Peadar O’Donnell (22 February 1893 – 13 May 1986) was a TD, republican, writer and champion of many radical causes throughout his lifetime. One of nine children born in Meenmore, near An Clochán Liath, County Donegal, his career encompassed trade union militancy, war of independence and civil war service, imprisonment, campaigns against nuclear power and apartheid. O’Donnell was also in Spain during the Spanish civil war, though he was not a combatant.
He opposed the Anglo Irish treaty and was placed in command of the minority anti-treaty 1st Northern Division, and was a member of the IRA executive that occupied the Four Courts in Dublin in defiance of the provisional government.
He was banned from entering the United States for several decades due to his alleged ties to communism, although he maintained: ‘My relations with all the great powers continue to be friendly.’
However, he will be known in Achill for his support of emigrants’ rights following the 1937 Kirkintilloch Bothy Fire which claimed the lives of 10 young migrant workers from Achill. He travelled to Scotland and pushed for better conditions for workers. He kept Achill people and the families of the tragic 10 abreast of his campaign by telegram to Brett’s in Achill Sound signing off his name as “Misneach” or “Courage”.
One local historian has no doubt that President Higgins, who has long been an admirer of O’Donnell, chose ‘Misneach’ as the name for his new dog in tribute to him and his legacy in bringing about real and lasting change for migrant workers.

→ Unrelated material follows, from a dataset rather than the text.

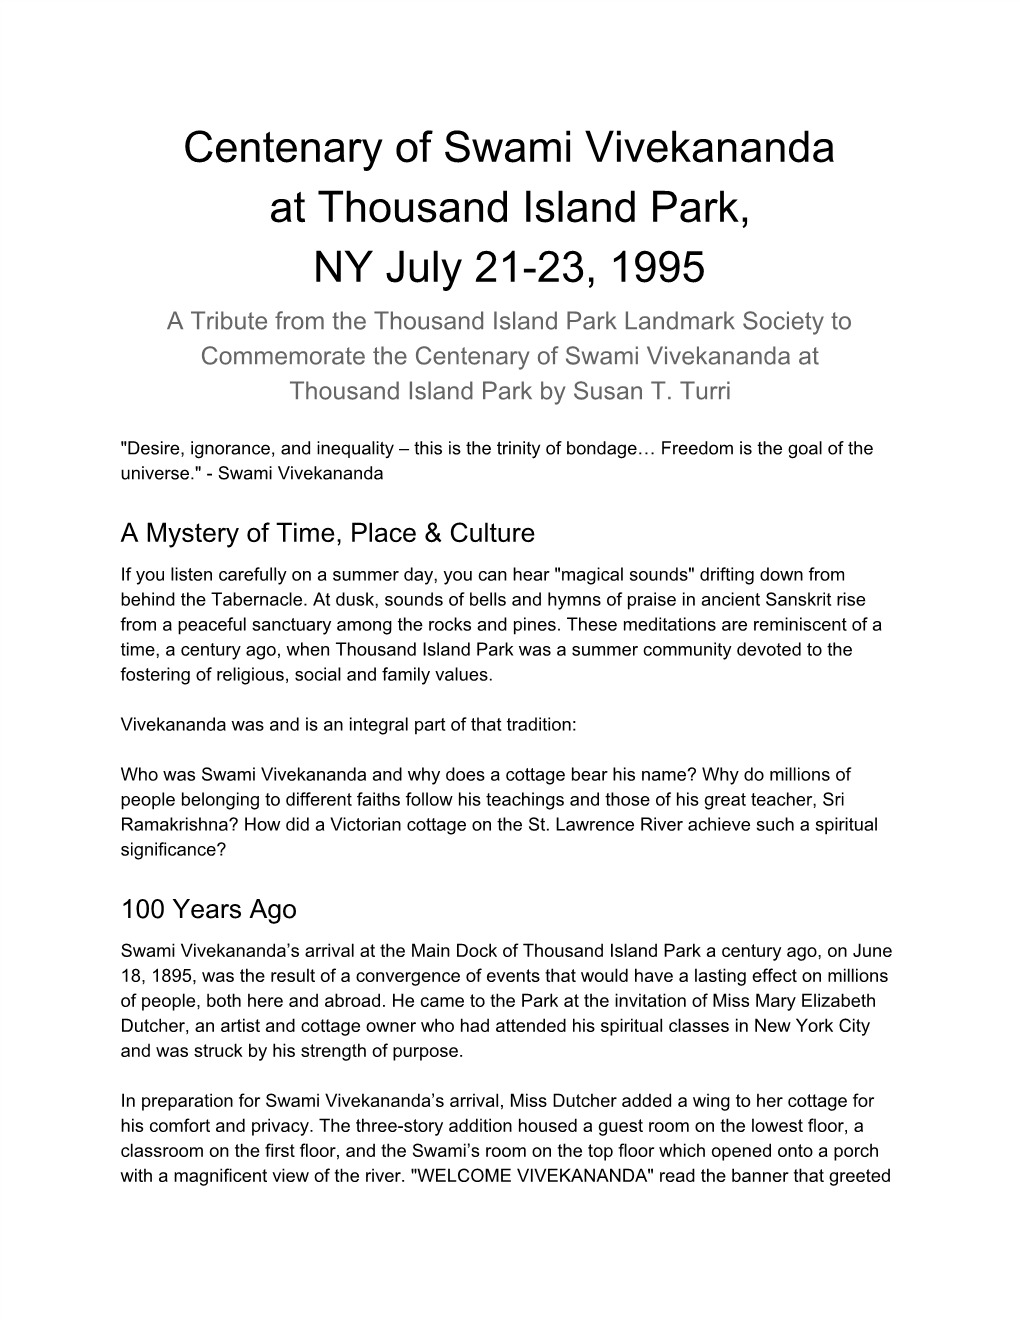 Centenary of Swami Vivekananda at Thousand Island Park, NY July 21

“It is unthinkable that all this will not bring forth a real effort to better the conditions…”– Peadar O’Donnell speaking in the aftermath of the Kirkintilloch Bothy Fire
“The Tattie Hokers”
His name is featured along with local man Michael McHugh in Michael O’Donnell’s poem “The Tattie Hokers” for their work on the migrant rights of the people of Achill and Donegal:
“‘Twas because we were poor we picked their potatoes, Because we were Irish, we lived in their barns.
But Michael McHugh and Peadar O’Donnell,
Brought a change to the bothies, a new era was born.”
You can read the full poem here
After several months of ill-health following a heart-attack, O’Donnell died in Dublin, aged 93, on 13th May 1986. He was cremated in Glasnevin and his ashes were buried at his wife’s home in Swinford, Co. Mayo.
He once remarked how the majority of the causes he fought for ended in failure, however his fight for the migrant worker yielded success
Although O’Donnell once remarked that every cause he fought for was a failure, he is now regarded as one of the most influential socialist republican theorists and an important voice of dissent in twentieth-century Ireland.